Problem-solve you Haskell for fun and profit (well, ‘fun,’ anyway. Maybe.)

The following sets of problems over the next few days, whatever, get their 
inspiration from some of the problems from the P99, or Ninety-Nine Prolog 
Problems published by Werner Hett.

The first problem is this.

last :: [a] -> a

as implemented in GHC is guaranteed to be in linear time to the length of 
the list, in other words: bleck!

Create a data structure, let’s call it Deque a (‘Deque’ meaning: ‘double-ended 
queue’) such that the operation

last :: Deque a -> a

is in constant time, also have this function obey the properties of the 
same-named function for lists, that is: it gives an error for an empty Deque.

That’s the ‘get.’ The ‘put’ for this type should also be in ‘kinda good’ time 
at either end, so:

deck |< x (or ‘postpend element x to deque deck’)

and

y >| deck (or ‘prepend element y to deque deck’) 

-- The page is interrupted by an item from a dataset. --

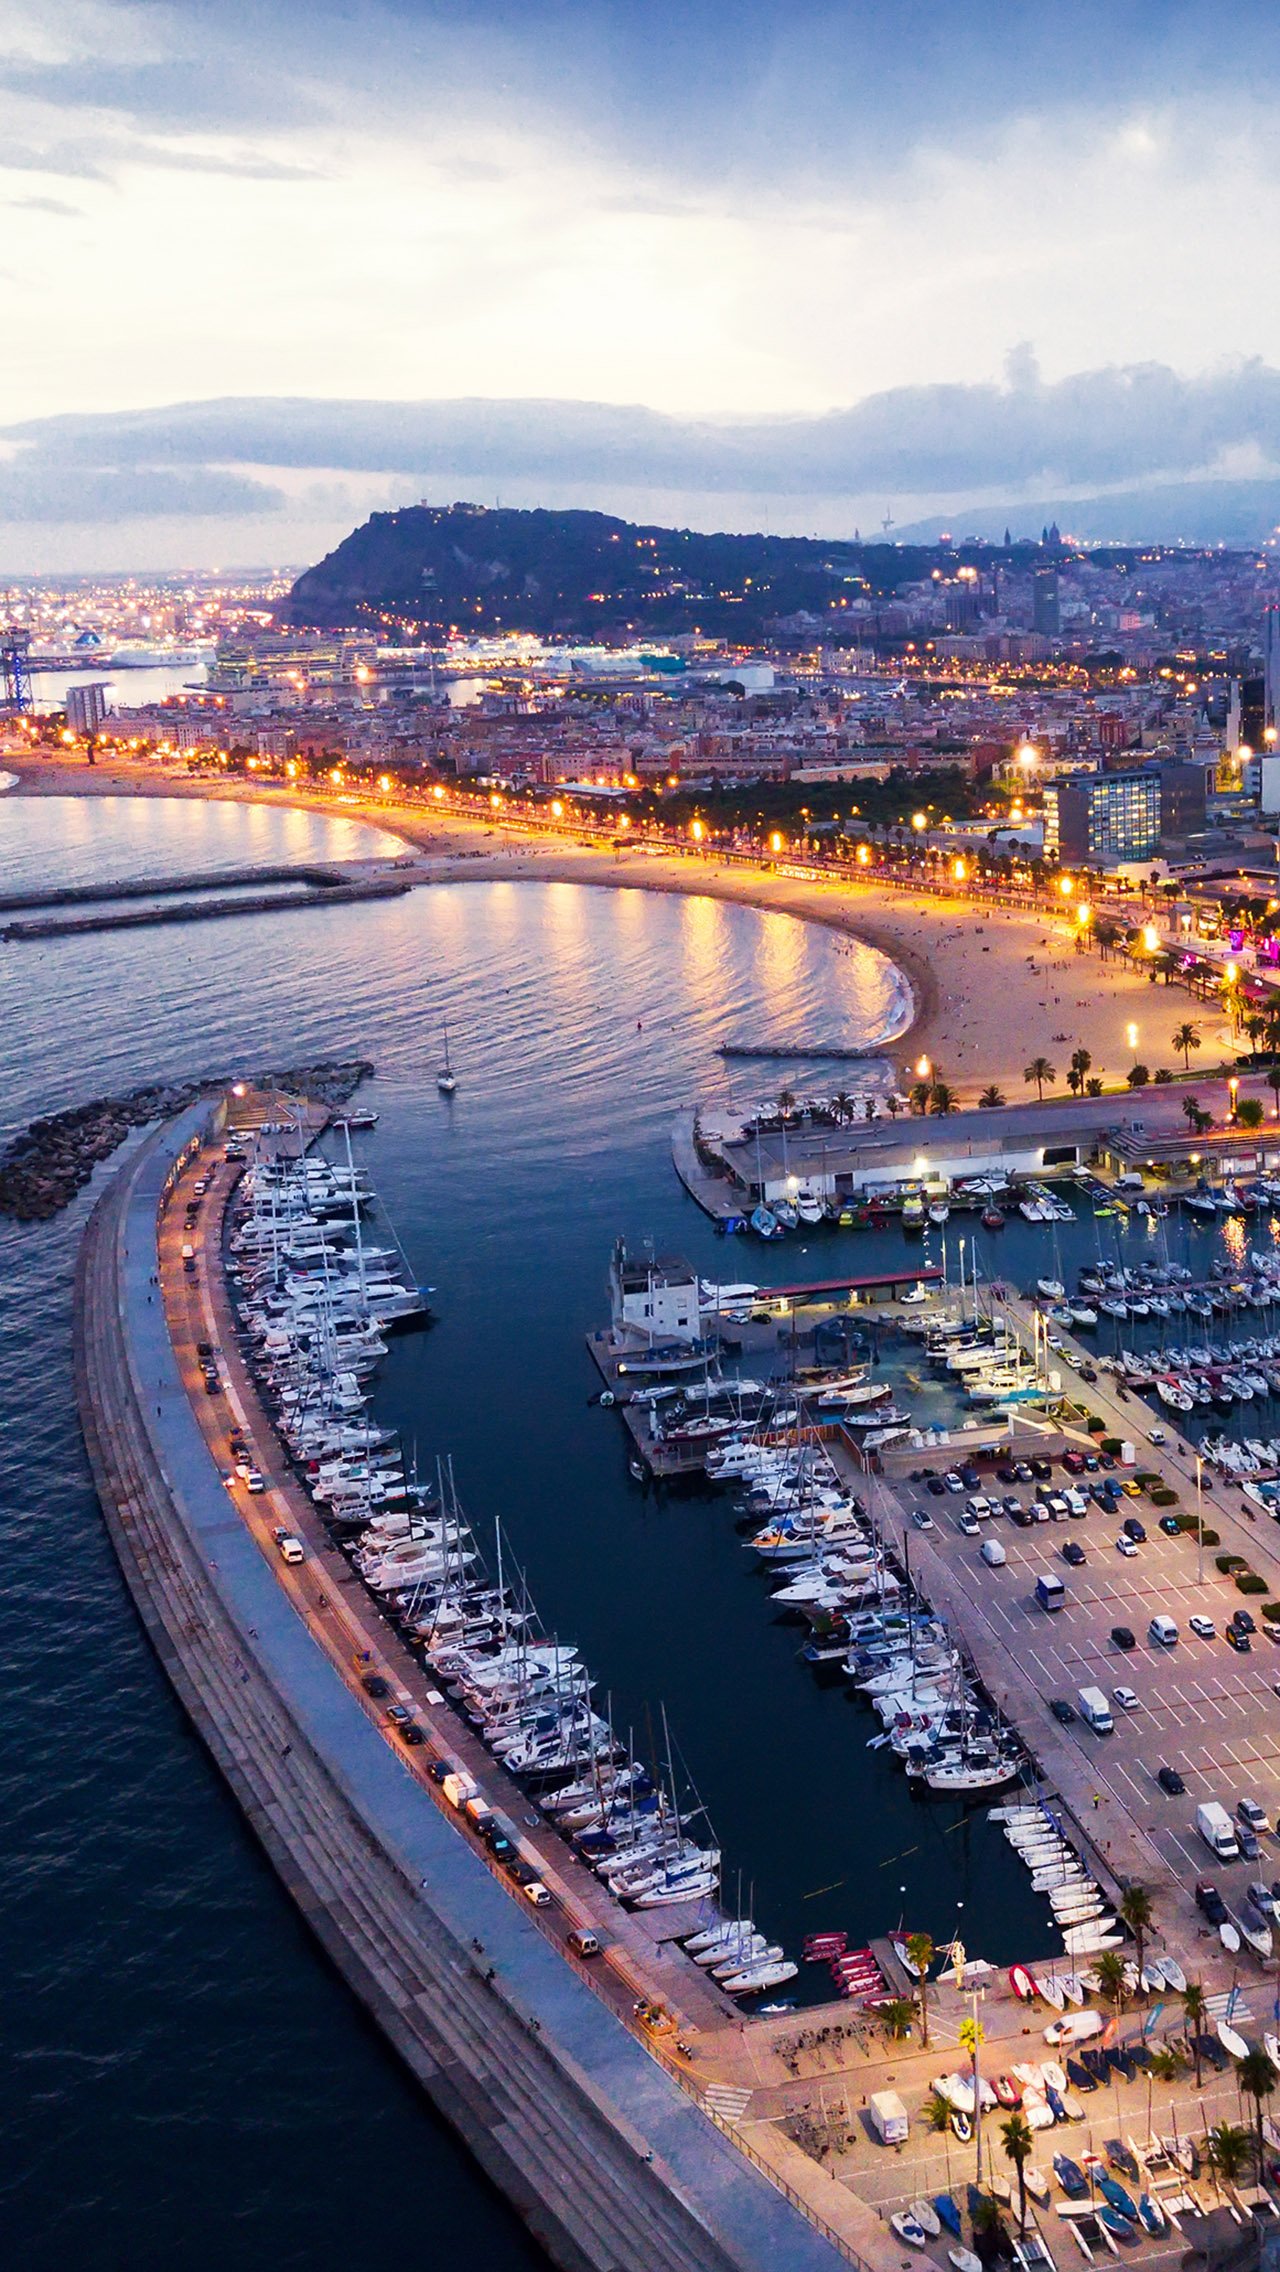 Отель расположен недалеко от пляжа и набережной Ситжеса, в 40 км от Барселоны.

are both in ‘kinda good’ time, where ‘kinda good’ is (weak-in-the-knees) defined 
as ‘okay for prepend’ and for postpend is ‘waaaay' better than 

list ++ [x] 

for some (any?) list.

The data type Deque a should also, at minimum, be a Traversable instance (which 
further means it has to be a Functor instance and a Foldable instance). So, this 
means: be ‘kinda’ careful when constructing deques, of course, but also be 
'kinda' careful when destructuring them, as well. Please see the Typeclassopedia 
at  http://www.haskell.org/haskellwiki/Typeclassopedia for information about 
these typeclasses.

Bonus (for those of you yawning at the above and want a bit of a challenge in 
your daily problem-solving exercise): Prove (or show) that last (Deque a) is in 
constant time. Prove, or show, that an implementation of Deque a can have 

zweitletztes (Deque a)

such that zweitletztes (Deque a) is faster than 

zweitletztes [a]. 

Such an implementation of Deque a might be a bi-directional list-type over a.

Explanation:

The last element of a list or deque is its ultimate element
The zweitletztes element of a list or deque is its penultimate element.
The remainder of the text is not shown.